In the summer months, my day job is mostly event PR – specifically, charity runs, walks and rides. It is rewarding, largely because it presents unique challenges.
If you’ve ever pitched media stories about covering charity events (the event itself, not pre or post event coverage) you know these are, broadly, the following:
- Each summer, in most North American cities, there are a zillion charity runs,walks, and rides for great causes.
- Competing media outlets don’t like to run the same story – unless it is some kind of cataclysmic event. This trend is increasingly prevalent.
- Most stakeholders in a charity run, walk, or ride (the beneficiary, sponsors and participants) feel that they DESERVE on-event media coverage because of what they’re doing. They are not wrong, or unjustified, it just means expectations are not nil.
Tactically, you have a number of options to address the above challenges.
Rather than discussing them all, I’ll examine use of an old PR weapon, the exclusive.
Charity runs, walks and rides are typically chock full of participants with moving stories. These folks might have survived a terminal disease, have raised tonnes of money for a cause because of the death of a loved one, etc.
Participant-centric human interest stories that tug at people’s heartstrings are, bar none, THE BEST way to galvanize wider public support and action for charity events. It is great to have people conducting breakthrough research on diseases in front of media doing interviews. Likewise, securing an interview for a Foundation spokesperson or professional fundraiser who can speak to “dollars at work” type questions is helpful (and a necessary task for the PR team on charity runs/walks/rides). However, neither of these interview typologies is likely to be as effective as the having an “average” person tell a moving story.
So, to be clear, you need to find those participant stories (don’t worry, there are always LOTS) and you need to package them in a way that puts you in the best position despite the fact that: a) there are a zillion charity runs/walks/rides every summer and b) media don’t like telling the same story.
Here is what you do:
- Pitch key media outlets exclusives stories on participants with moving stories. This does two things: 1) It humanizes an event and provides a micro (the human interest) and macro (the event) angle to the story – this is stuff kids learn in PR 101 – BUT oh how we “seasoned” veterans forget. 2) It allows media to tell “different” stories but still talk about your event, interview your client, and generally do things that make you, fellow Flakian, look good.
- Tailor the participant pitch to the reader/viewer/listener profile of the media outlet.
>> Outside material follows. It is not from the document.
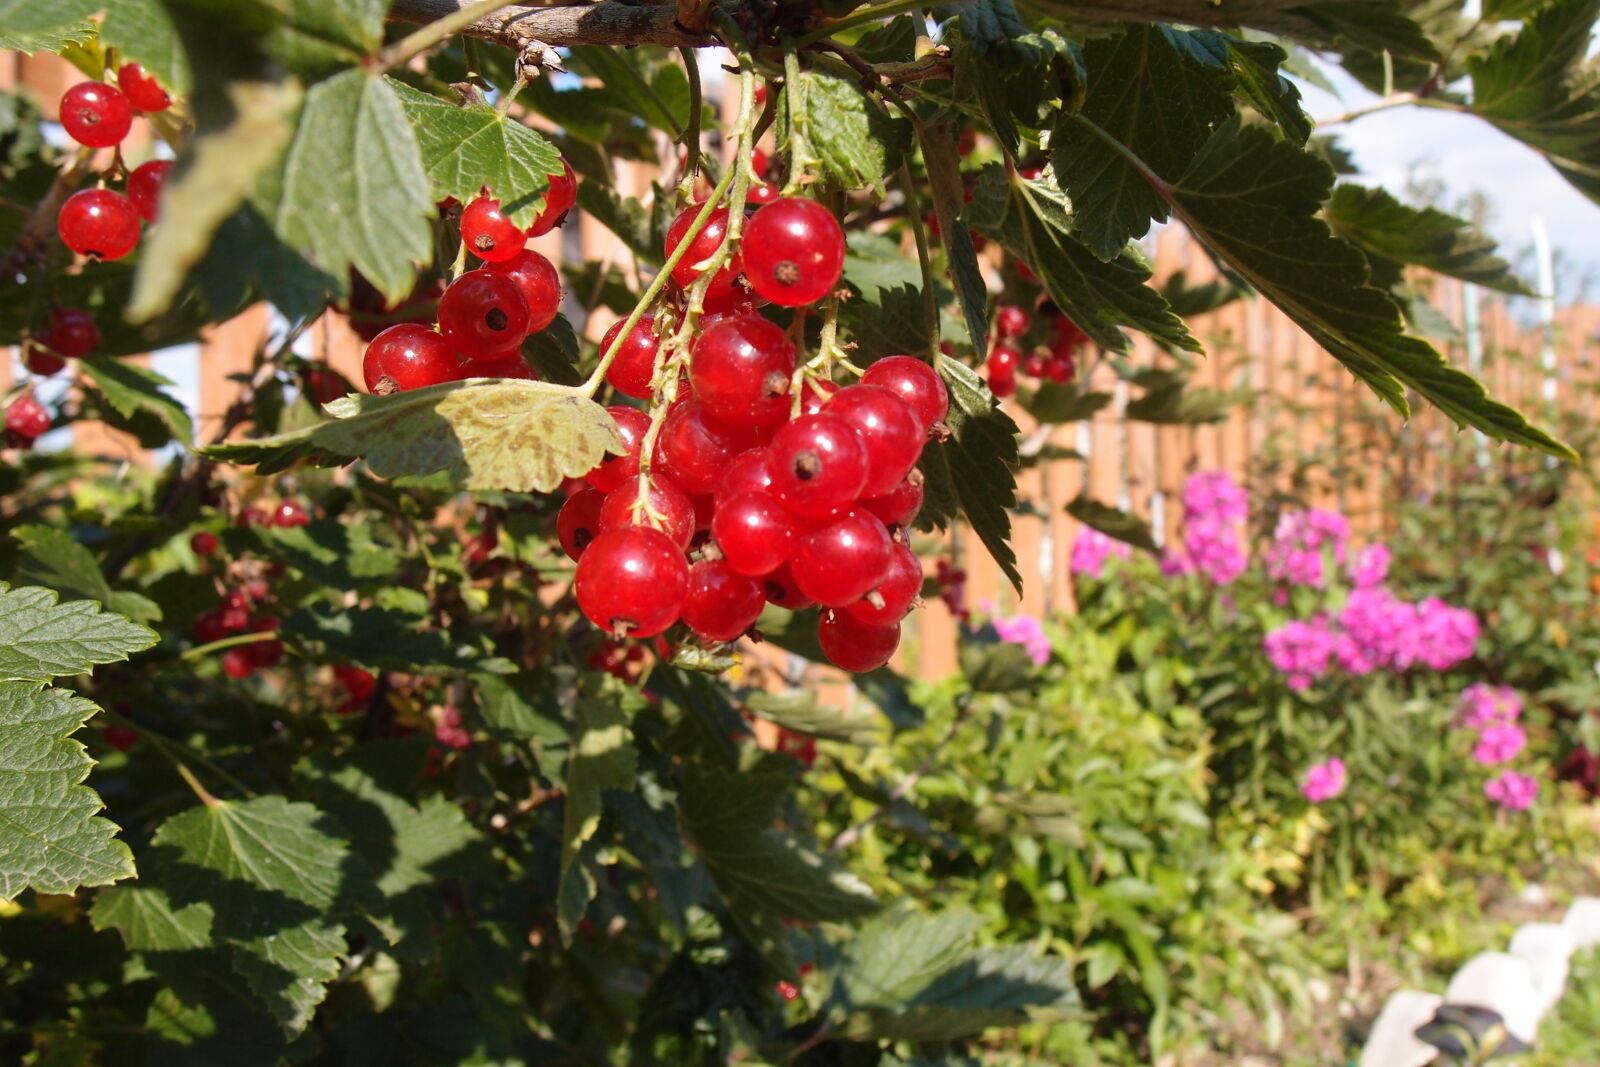 Olympus XZ-1 sample photo. Currant, berry, summer photography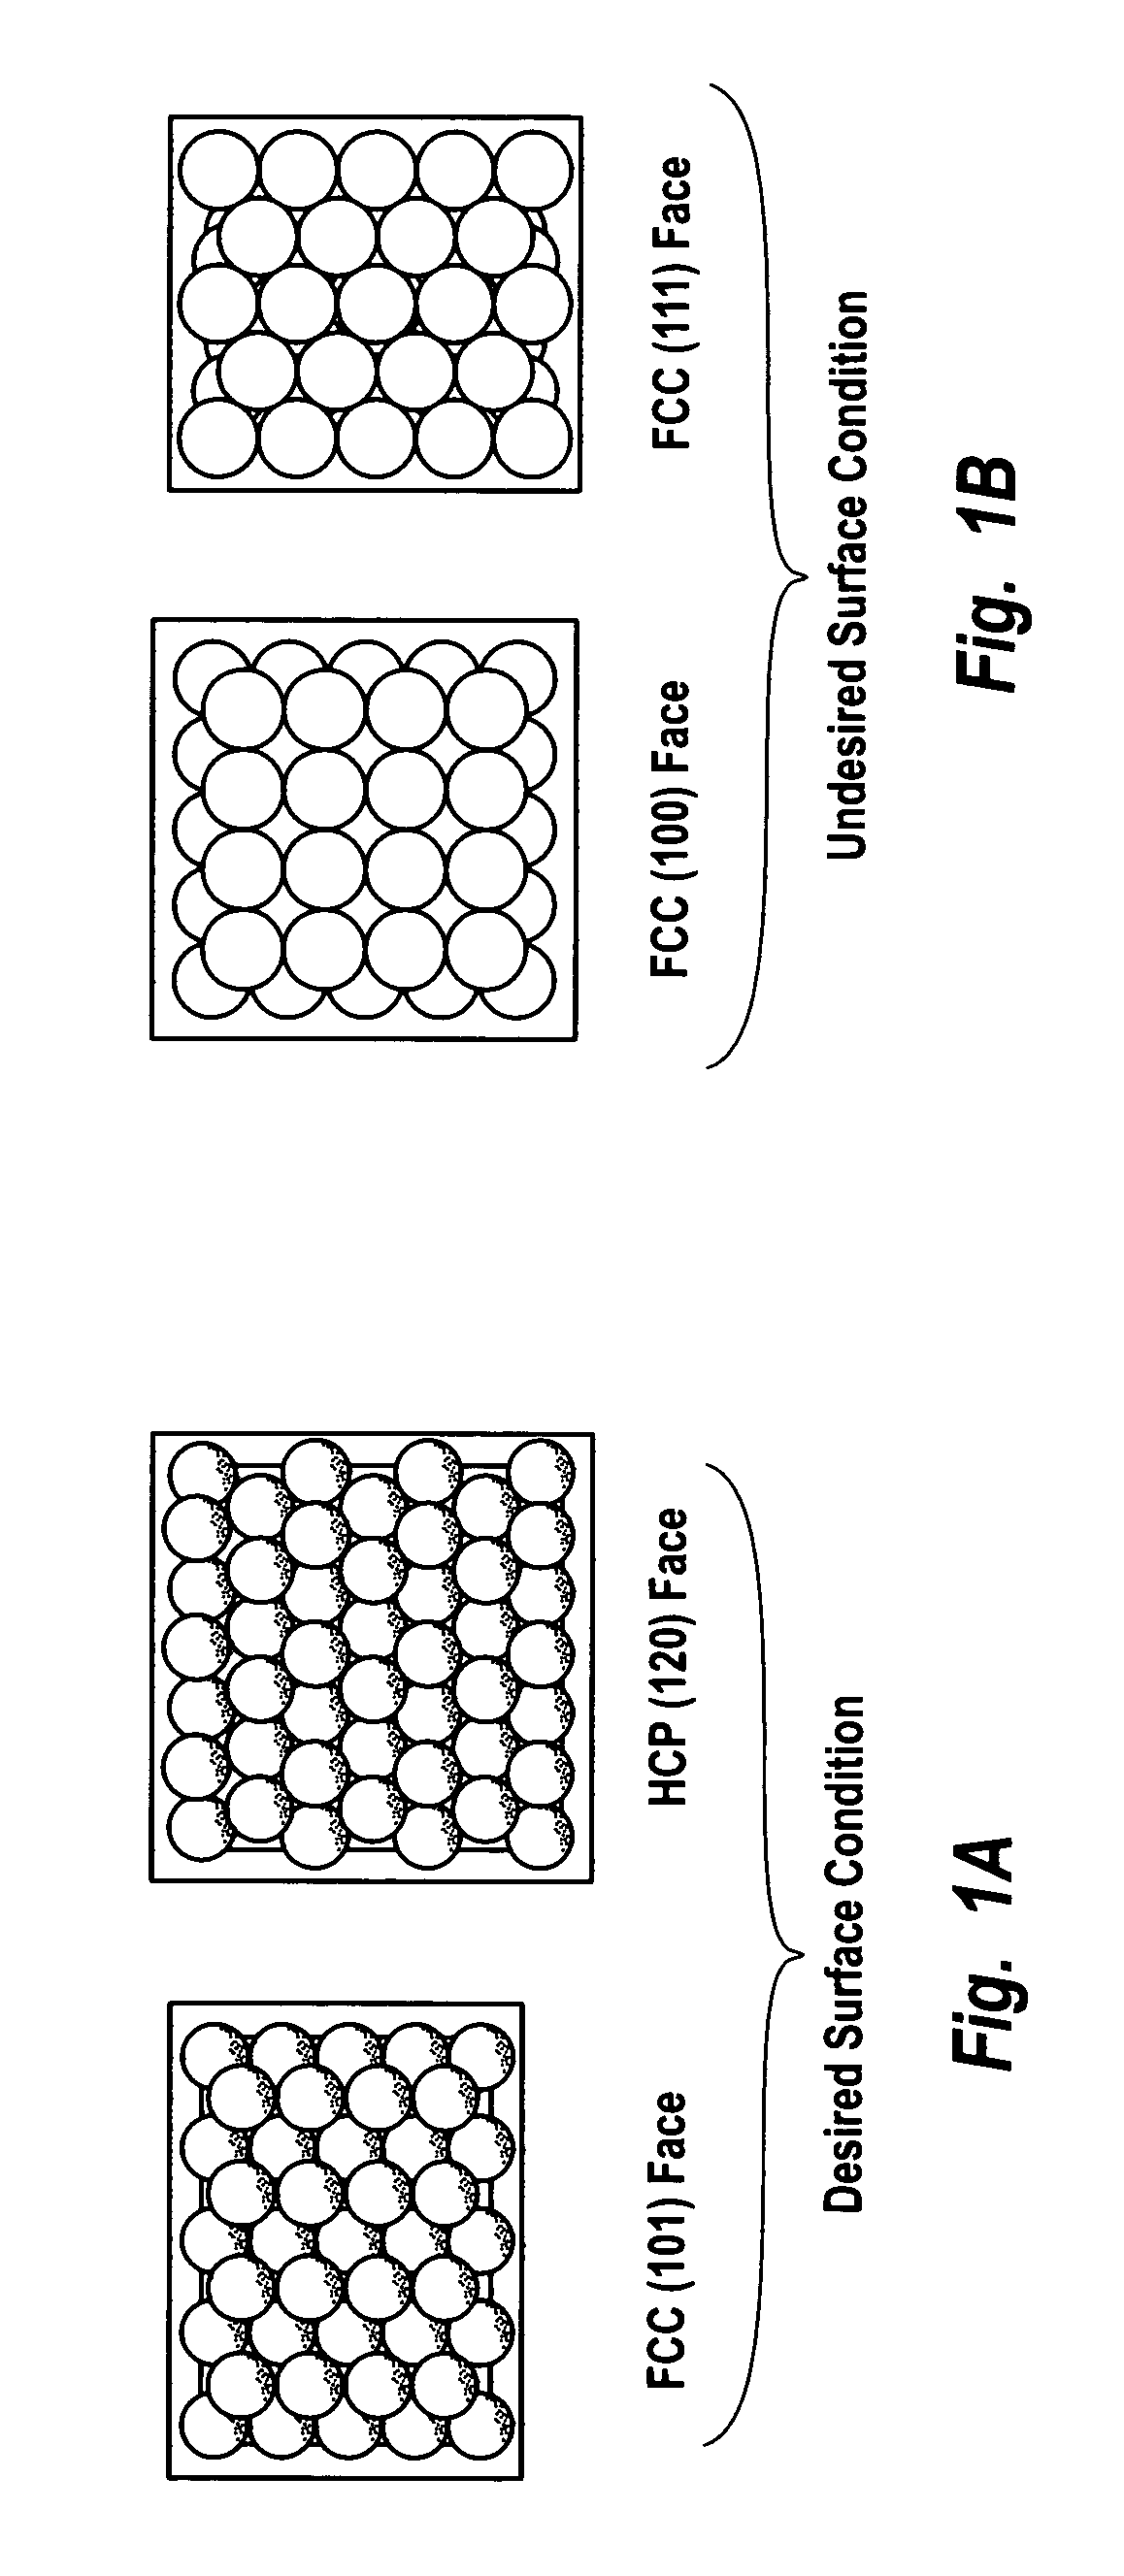 Supported catalysts having a controlled coordination structure and methods for preparing such catalysts

I will use Toronto as an example since it is a media market I know well. Let’s say I was working a charity bike ride in TO and had a story about a construction worker from Ajax who was riding because he’d survived cancer and wanted to give something back. I’d likely take this exclusive to the Toronto Sun – because it is a “working man’s” paper read by a lot of people like my construction worker. The fit is perfect – journalists at the Sun would get to tell their readers about someone they can relate to. You get it.
- Be sure to include details about the “macro” story and offer help telling it. By now you understand what’s is going on with this. You offer the exclusive human-interest piece to tell help buttress your goal of securing coverage about the “macro” – your client and the charity run/walk/ride. Don’t forget to offer help to your target media regarding the macro. Reference it in emails, offer up client-side spokespeople, etc. You’ll make a bunch of people happy if you succeed at this.
It can work.
I saw proof of the effectiveness of this approach last weekend in Toronto (sorry new media junkies, I am about to cite 3 “old” newspaper examples). Each of the major dailies in the market was pitched an exclusive on a story about people walking in our event. What happened?
The Toronto Sun piece ran Friday.
The Toronto Star piece ran Saturday (on page A3 at about 3/4 of a page)
Check these pieces out. All have those micro and macro elements I refer to (admittedly, some do a better job of balancing them than others).
Tell me about your story regarding PR for charity runs/walk/rides? How did you gain media’s attention and address the ever-present challenges surrounding event PR?